The DDS can suspend, revoke, or cancel your license for a variety of reasons, and it’s best to check out its page about license suspensions and revocations, and then call the DDS at the telephone number for your area with any questions.
In the meantime, below are just a few of the misbehaviors you should avoid to keep your driving record clean―and your driving privileges intact.
Accumulating 15 or more points within a 24-month period can result in license suspension. This includes accumulating points in other states. There are a variety of reasons for accumulating points―from speeding and reckless driving to ignoring child restraint laws and failing to secure a load―so make sure you thoroughly understand the state’s point system.
Driving Like You Have No Sense
Fleeing from officers, committing a felony with your vehicle (including vehicular homicide), racing, leaving the scene of an accident―these are just a few of the instances that show the state you have no business behind the wheel of a vehicle.

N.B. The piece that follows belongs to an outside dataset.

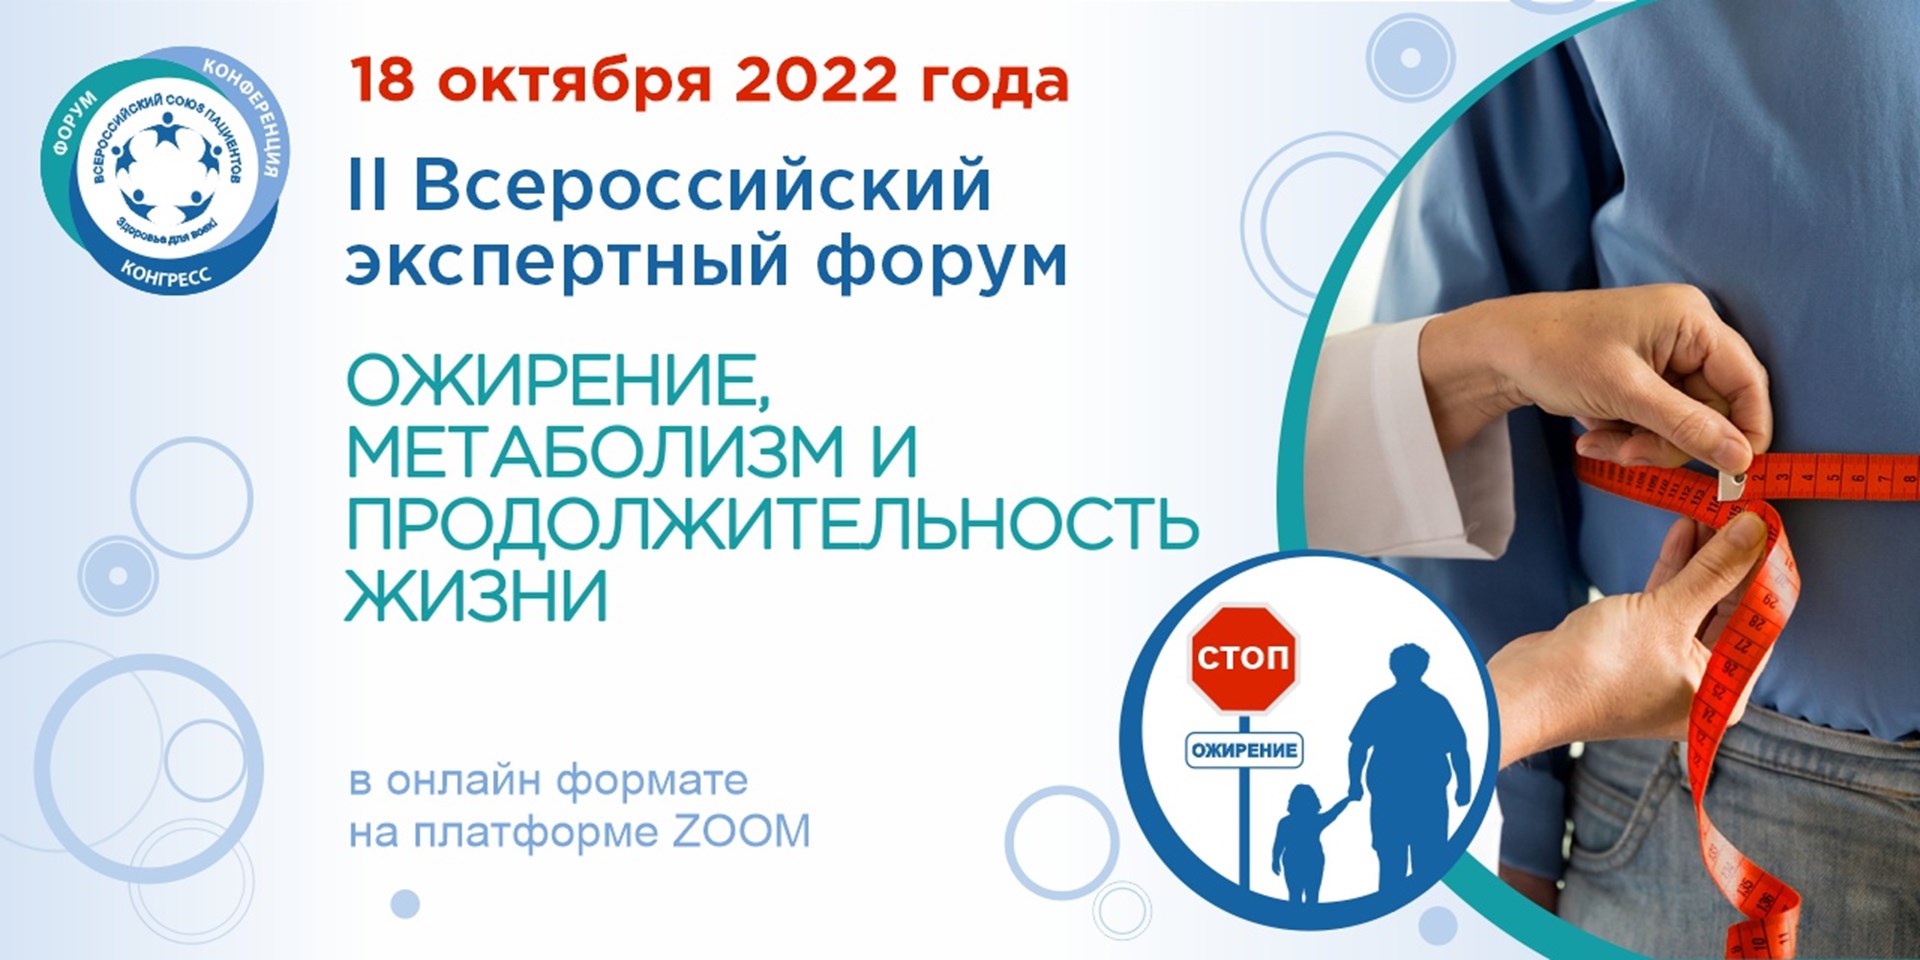 17.10.2022 Завтра состоится II Всероссийский экспертный форум «Ожирение, метаболизм и продолжительность жизни»

Dealing with Drugs and Alcohol
Drugs and alcohol are grounds for license suspension, whether you’re caught driving under the influence or in possession of a controlled substance or marijuana. This also includes being convicted of manufacturing, cultivating, distributing, and selling controlled substances, as well as refusing to take a chemical test.
Failing to Appear in Court
Failing to appear in court or respond to a citation can result in license suspension.
License, Registration, and Insurance Problems
You can get a license suspension if you’re caught using your license or application in a fraudulent or fictitious way, as well as if you fail to maintain car insurance, or you drive on a suspended, revoked, or canceled vehicle registration.
Misbehaving Under the Age of 21
All the same infractions as above apply to you if you’re under the age of 21; however, there’s a slight difference in points accumulation.
You can get your license suspended if you’re:
- Under 21 and commit an offense worth four points.
- Under 18 and accumulate four points within a 12-month period.
Too, purchasing alcohol or misrepresenting your age or identity in order to purchase alcohol can result in a license suspension.